[Opening INFORMATION SHOWN section]

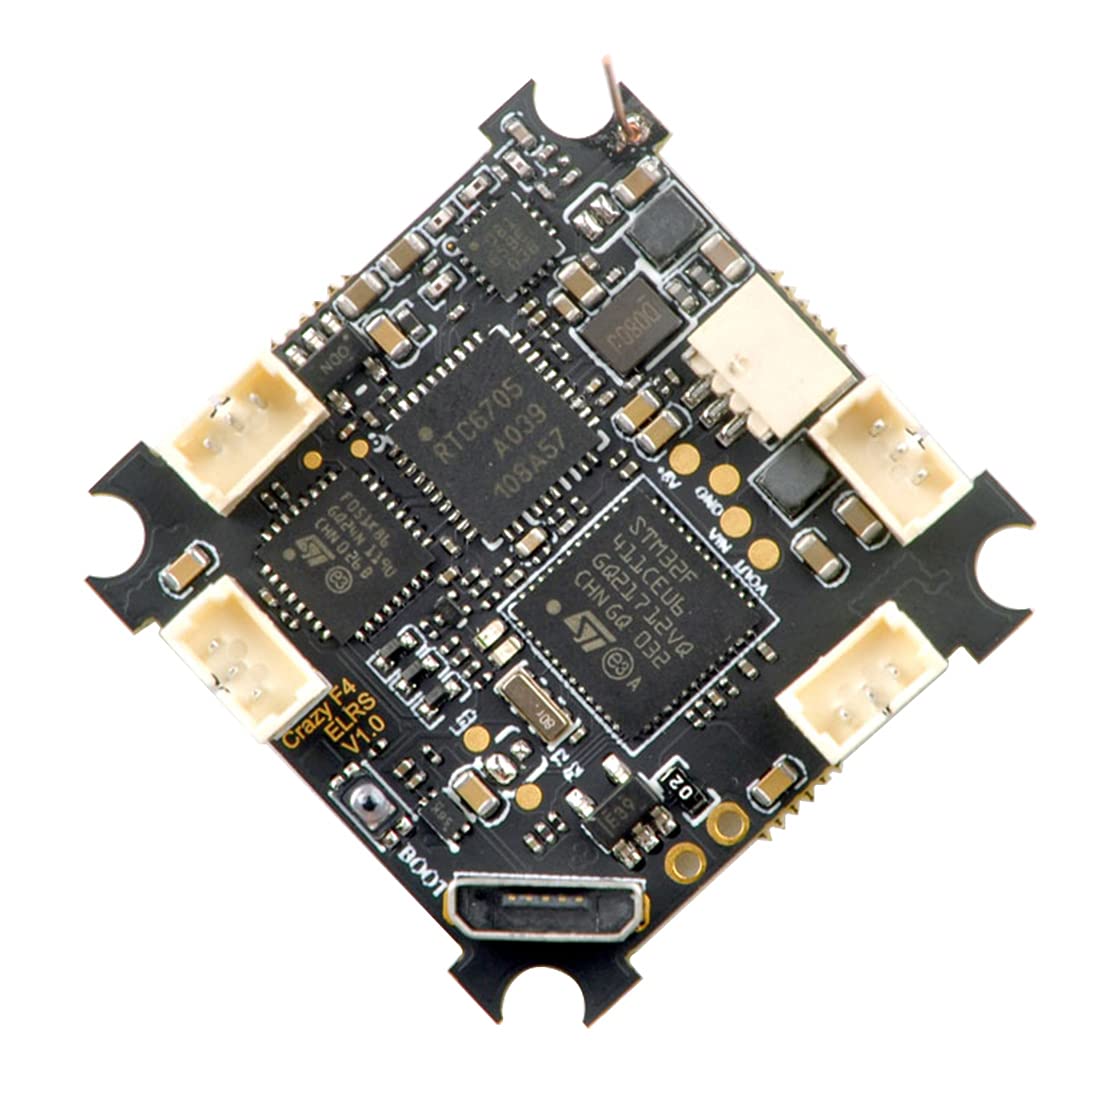 HAPPYMODEL CrazyF4 ELRS AIO 5in1 Flight Controller 1S Built-in 900MHz ELRS Receiver for DIT FPV Racing Drone 915Mhz 送料
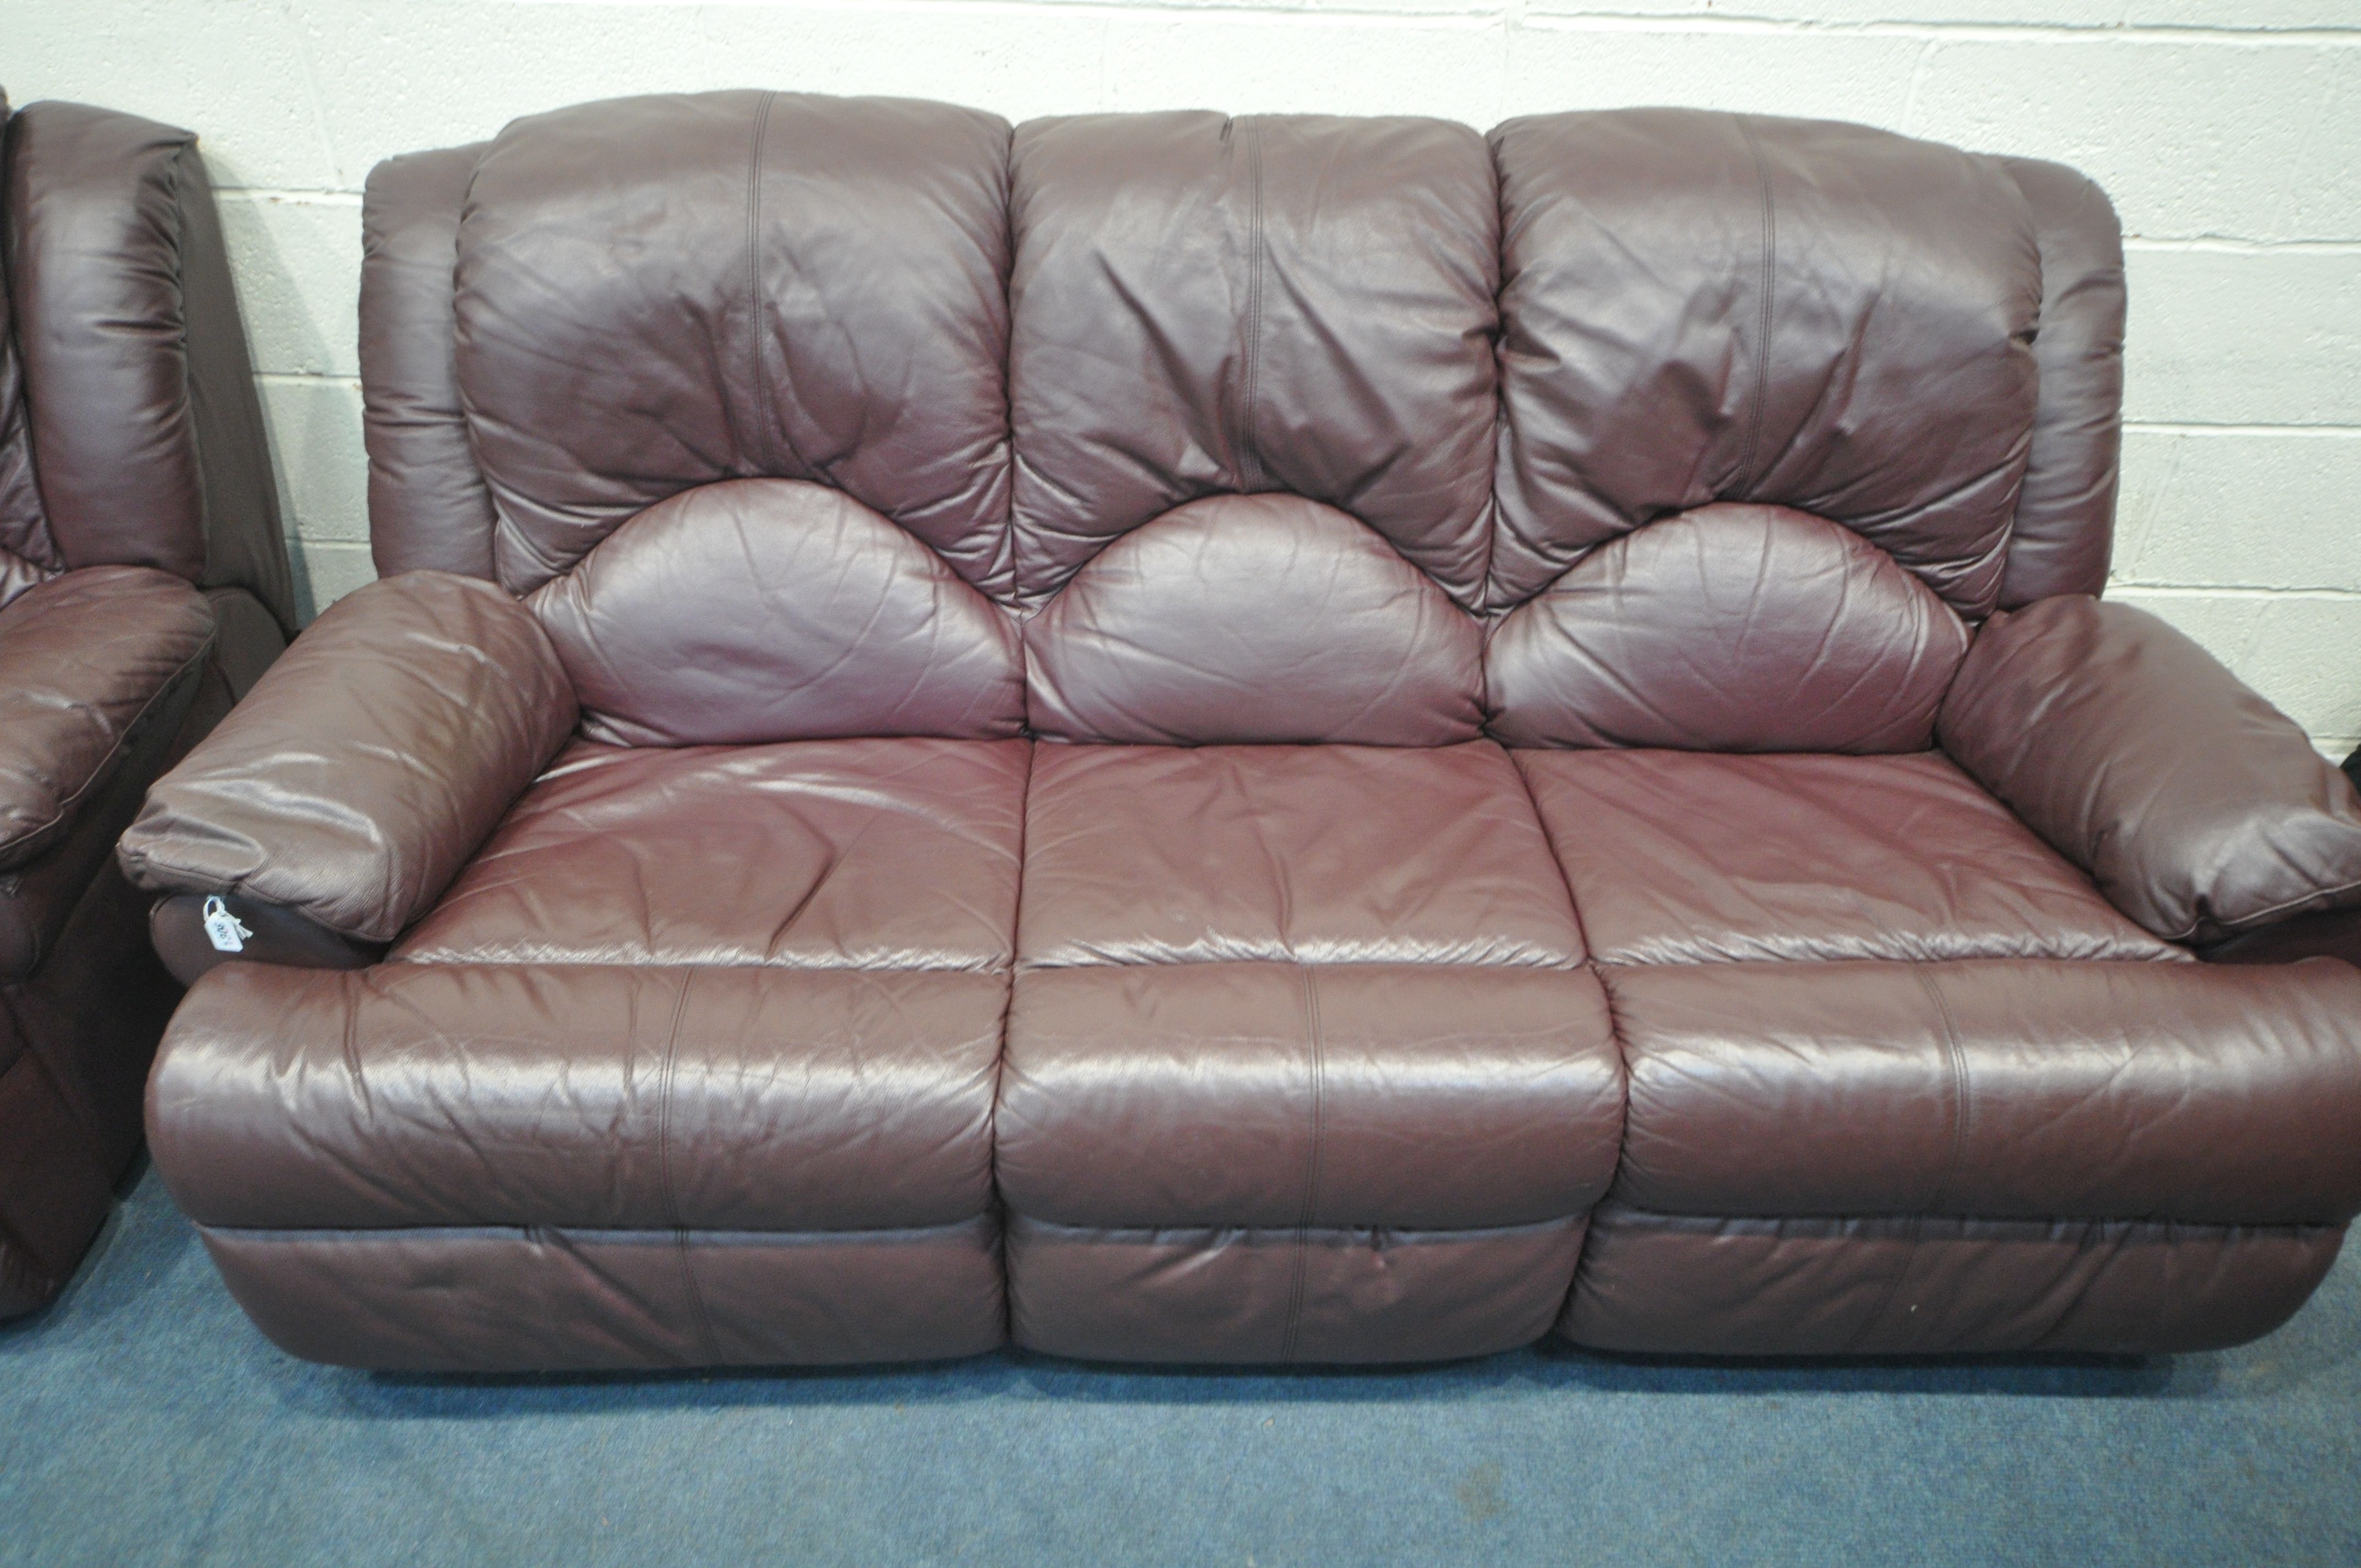 A PLUM LEATHER UPHOLSTERED THREE PIECE LOUNGE SUITE, comprising a three seater sofa, length 203cm - Image 2 of 4
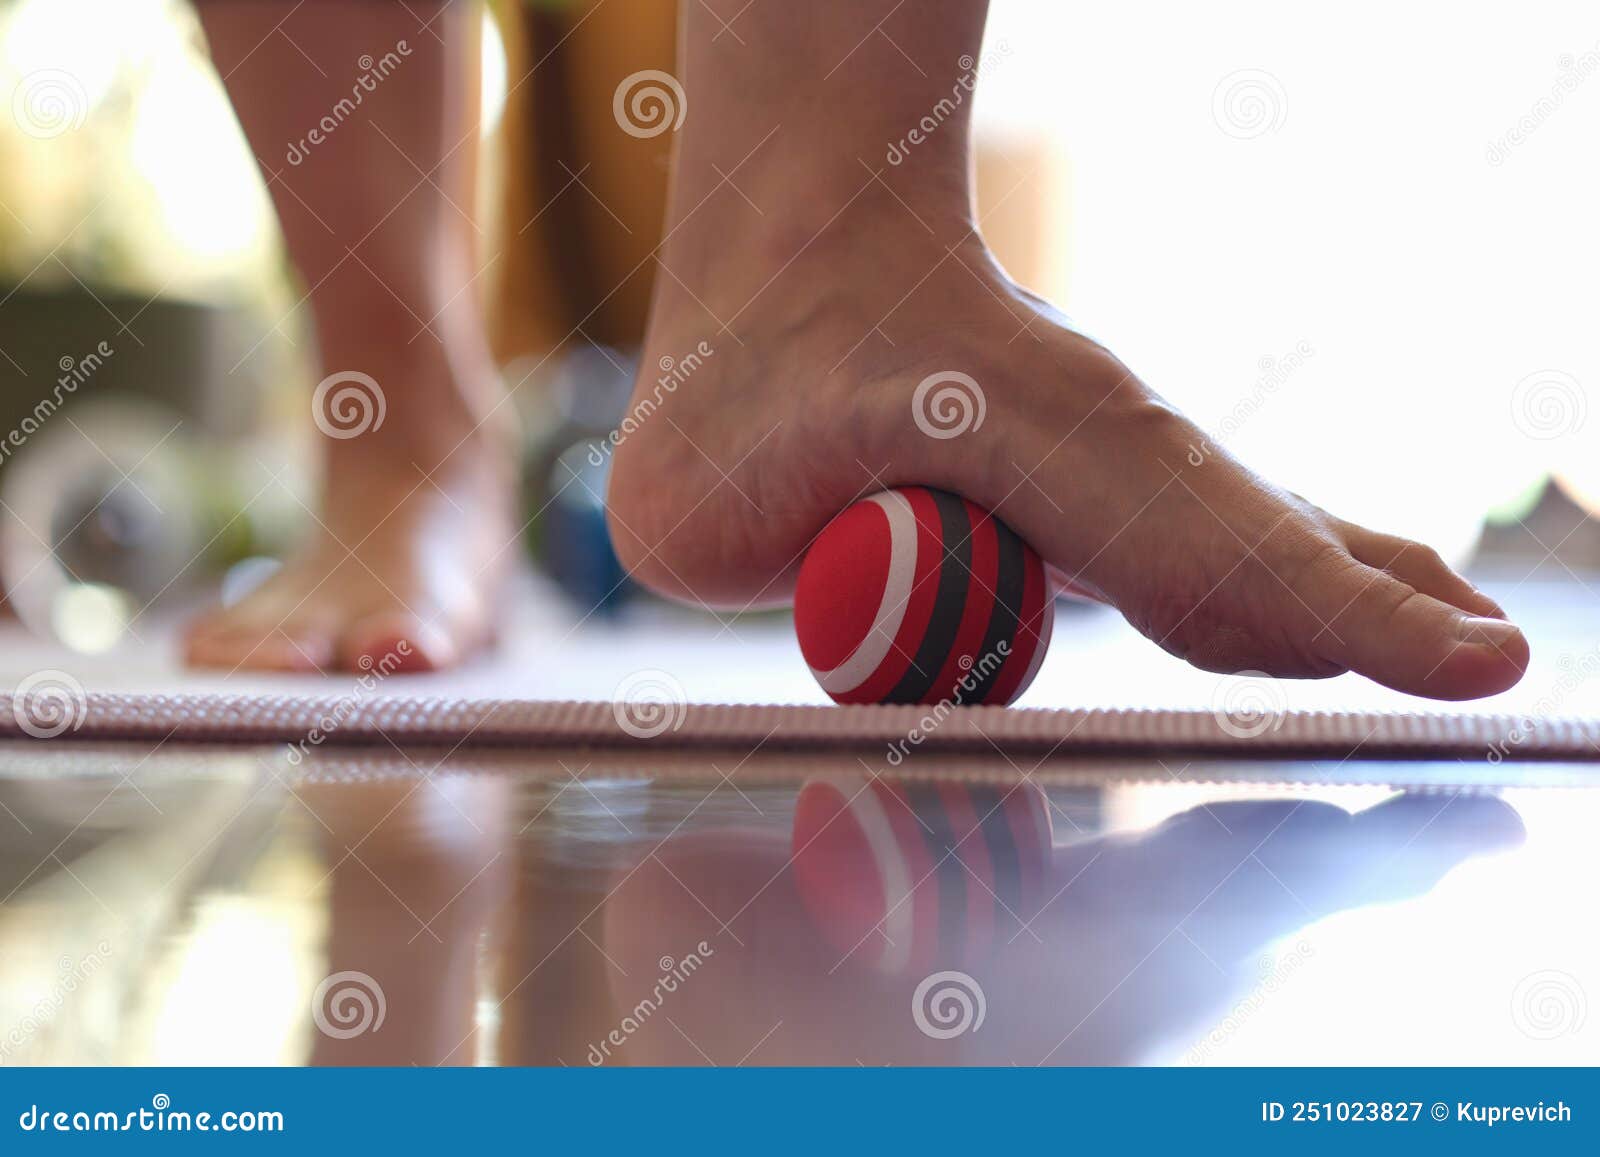 myofascial relaxation of hypermobile muscles of foot with a massage ball closeup

[Closing INFORMATION SHOWN section]

● ABOUT THIS TASK
Write the listing above out again word for word, excluding all images.

● SOLUTION BELOW
 HAPPYMODEL CrazyF4 ELRS AIO 5in1 Flight Controller 1S Built-in 900MHz ELRS Receiver for DIT FPV Racing Drone 915Mhz 送料
 A PLUM LEATHER UPHOLSTERED THREE PIECE LOUNGE SUITE, comprising a three seater sofa, length 203cm - Image 2 of 4
 myofascial relaxation of hypermobile muscles of foot with a massage ball closeup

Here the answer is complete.